There were no significant differences between the sexes in total ordering rates for imaging nor for any specific imaging test type.

Morbidity managed in specific male age groups

This section investigates the morbidities managed at encounters with males by ten-year age groups. In the younger age groups (15-34 years) the problems managed were mostly acute in nature, the most common being upper respiratory tract infection. Of particular interest in this age group was the relatively high rate of drug abuse managed (2.9 per 100 encounters). Heroin addiction accounted for more than 30% of these problems.

Between 35 and 44 years of age the most common problem managed was back complaint; other common problems managed were a mix of acute and chronic conditions. From 45 years onward, chronic conditions began to emerge as the most common problems managed. Hypertension was the most common condition managed in all age groups from 45 years onward.

The management of selected morbidities was also examined across age groups in this section to determine age-related changes. The management of depression showed the most interesting trend, with males aged 15-24 and 65+ years having the lowest management rates of depression despite these ages being associated with significant social life changes.

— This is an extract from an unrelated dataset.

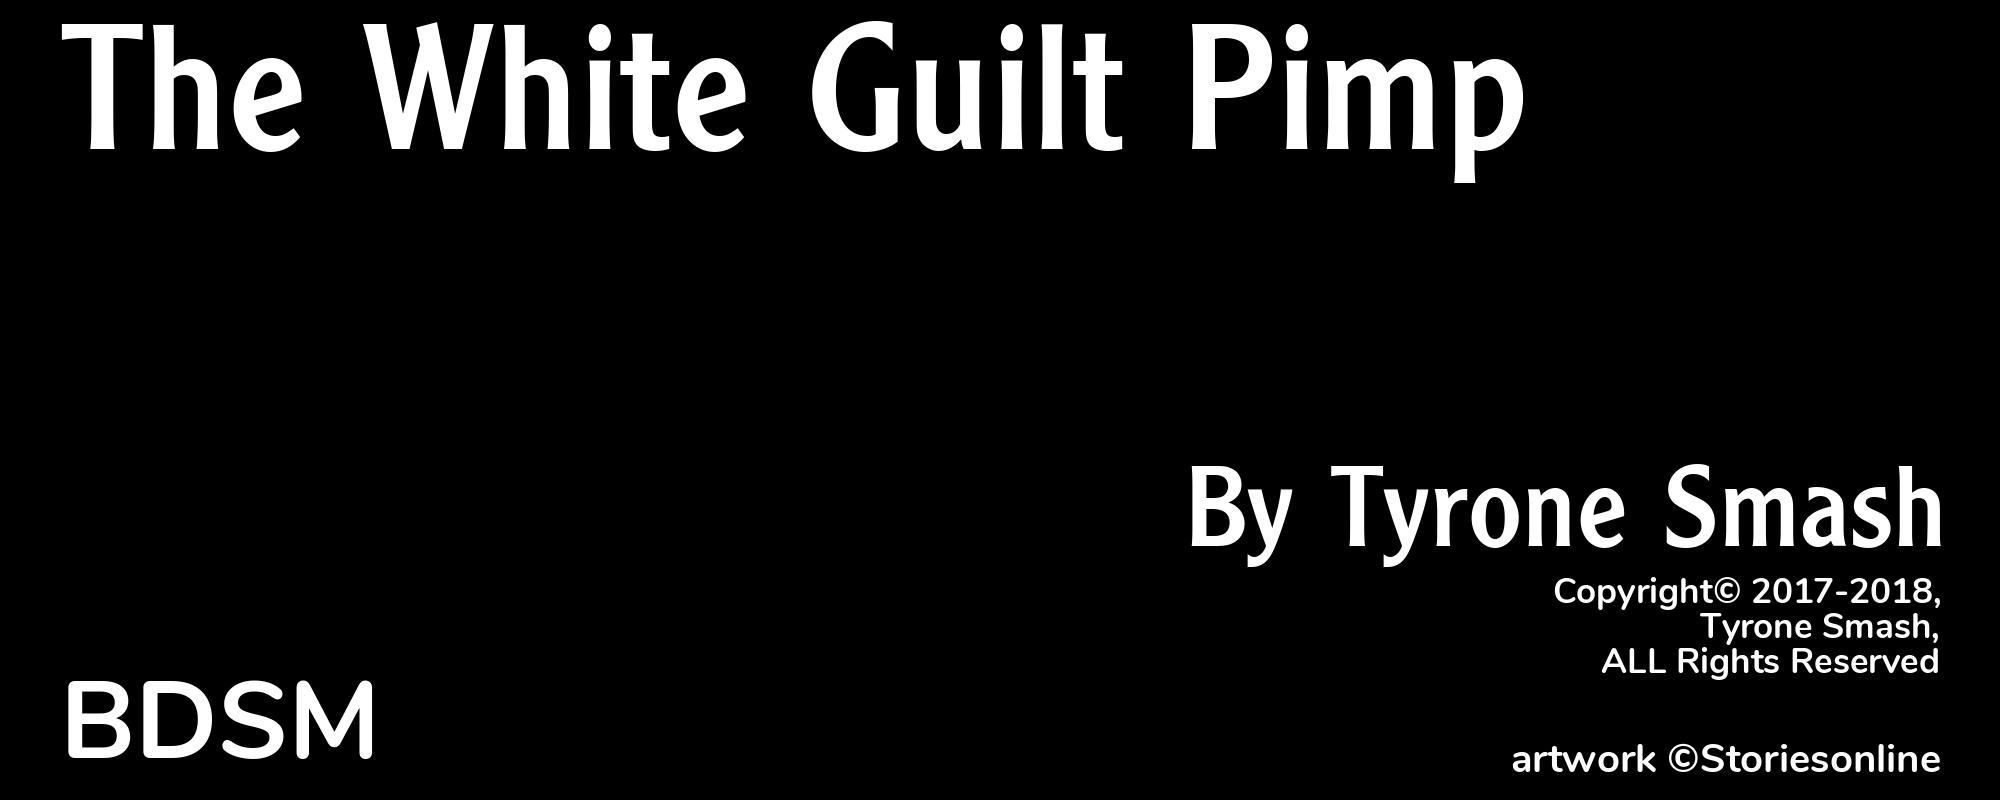 The White Guilt Pimp - Cover

Patient wellbeing and health risk factors

  • Wellbeing: Of the 12,465 male and 18,992 female respondents (aged 18+ years) less than 7% rated their health as poor. There was little difference between the sexes in self- reported health. However, male patients rated their health as 'very good' significantly less often than did female patients.
  • Body mass: Responses were received from 13,062 male and 19,655 female patients aged 18 years and over. Males were less likely than females to be obese (18.1% compared with 20.0%), but more likely to be overweight (40.9% compared with 27.9%). However, when these categories were combined males were more likely than females to be overweight or obese (59.0% compared with 48.1%). Prevalence of obesity was highest in males aged between 45 and 64 years, and overweight was highest between 65 and 74 years of age.
  • Smoking: There were 12,230 male and 19,930 female adults (aged 18+ years) who reported their smoking habits. Significantly more males (23.4%) than females (16.2%) smoked daily. Daily smoking was highest in males aged 18-24 years (36.7%) and declined with age.
  • Alcohol use: 'At-risk' levels of alcohol intake were reported by 30.3% of the 13,076 male adult respondents and 20.1% of the 19,832 female adult respondents. Males aged between 18 and 24 years were most likely to consume alcohol at an 'at-risk' level (39.8%) and the proportion of 'at-risk' male drinkers declined with age. Of male patients who drank alcohol, 35.0% consumed alcohol at levels considered to place them at risk. Further, 47.3% of male drinkers aged between 18 and 24 years drank at risk levels.

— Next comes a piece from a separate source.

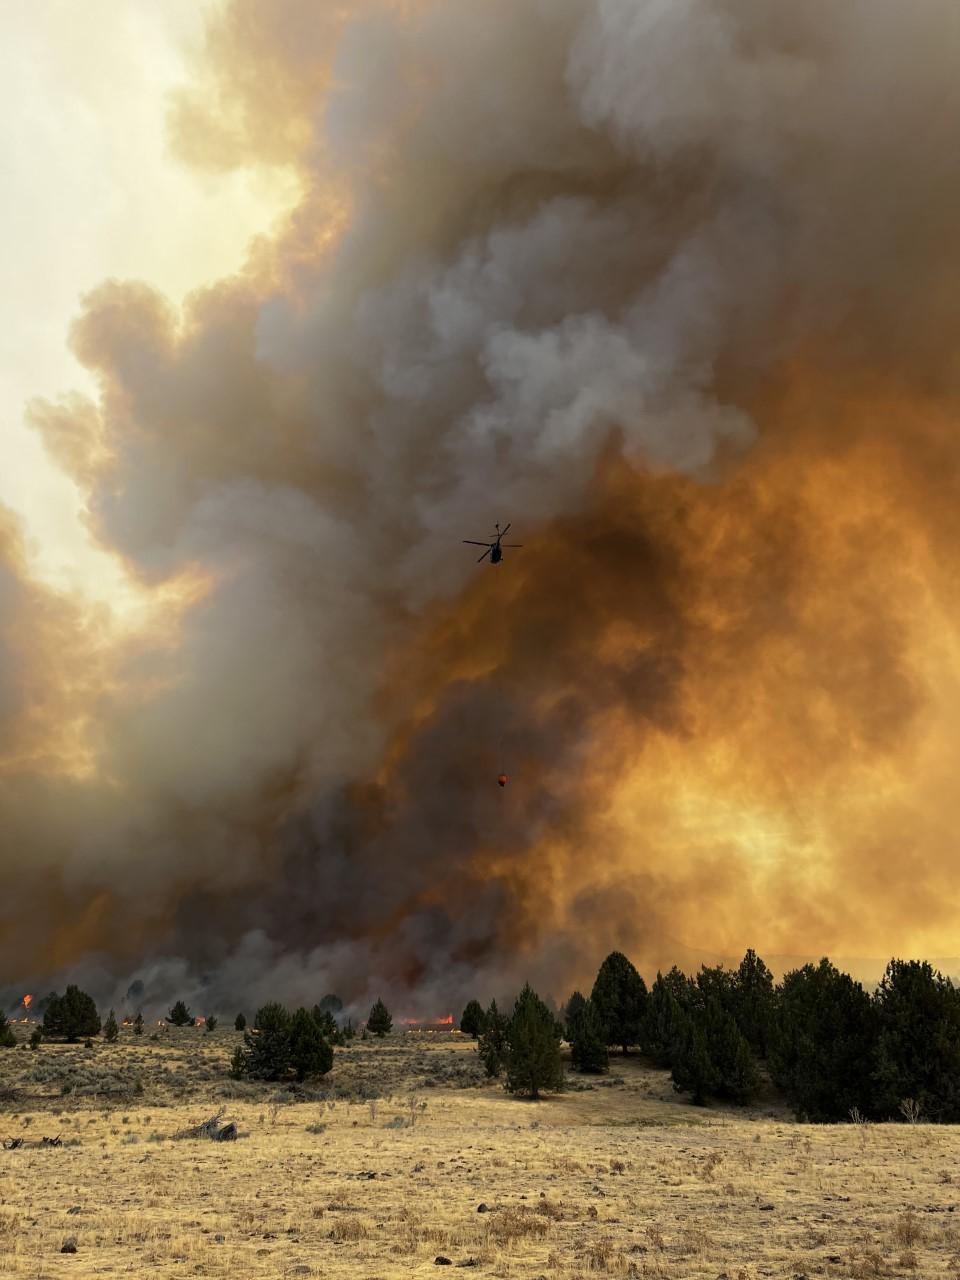 Photo of the Barnes Fire taken by the Klamath Hot Shots

Work-related problems managed at male encounters

Male patients had more work-related and workers compensation-funded encounters than did females. There were 2,012 male patient encounters involving problems judged by the GP to be work-related. One in ten problems managed at encounters with males aged between 25 and 44 years was found to be work-related. The most common work-related problems were back complaints, strains and sprains and other musculoskeletal injuries.

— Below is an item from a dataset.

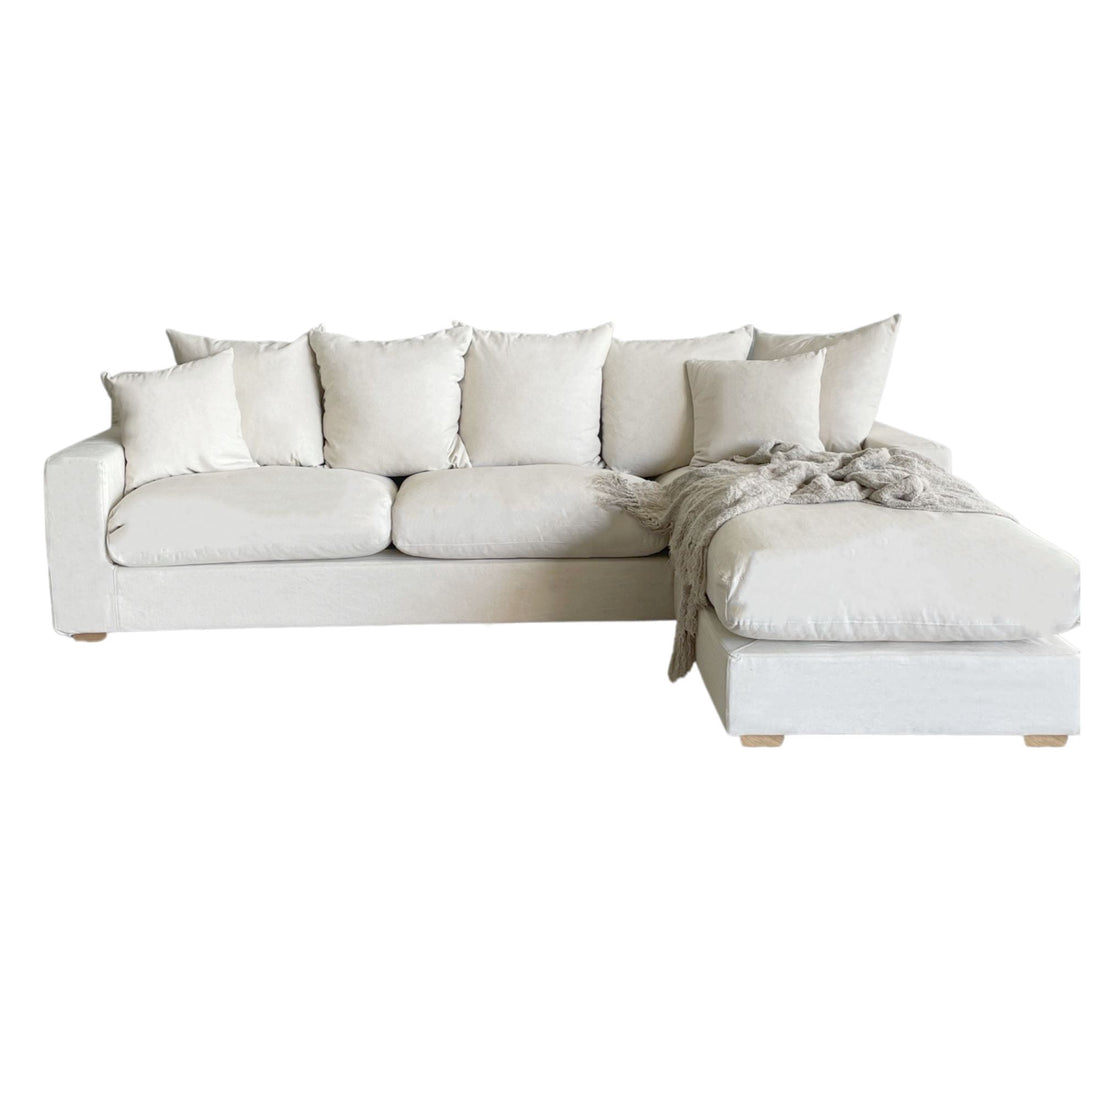 Clareville Sofa with Chaise Living Furniture Beachwood Designs Salt &amp; Pepper Linen Cotton

This secondary analysis of the BEACH data has provided the first national description of general practice encounters with male patients, their reasons for encounter, problems managed and treatment provided. The results of this study (such as male rates of GP attendance, obesity/overweight, smoking, and alcohol consumption) indicate that there is reason to be concerned about the health of males in the population, especially in the younger age groups.

There is potential to increase life expectancy and decrease death rates for Australian males by targeting their health risk behaviours, increasing their contact with GPs, and examining the social constructs which form such male behaviours. In the future, BEACH will provide a measure of the effectiveness of any strategies introduced to improve the attendance and morbidity of male patients in general practice.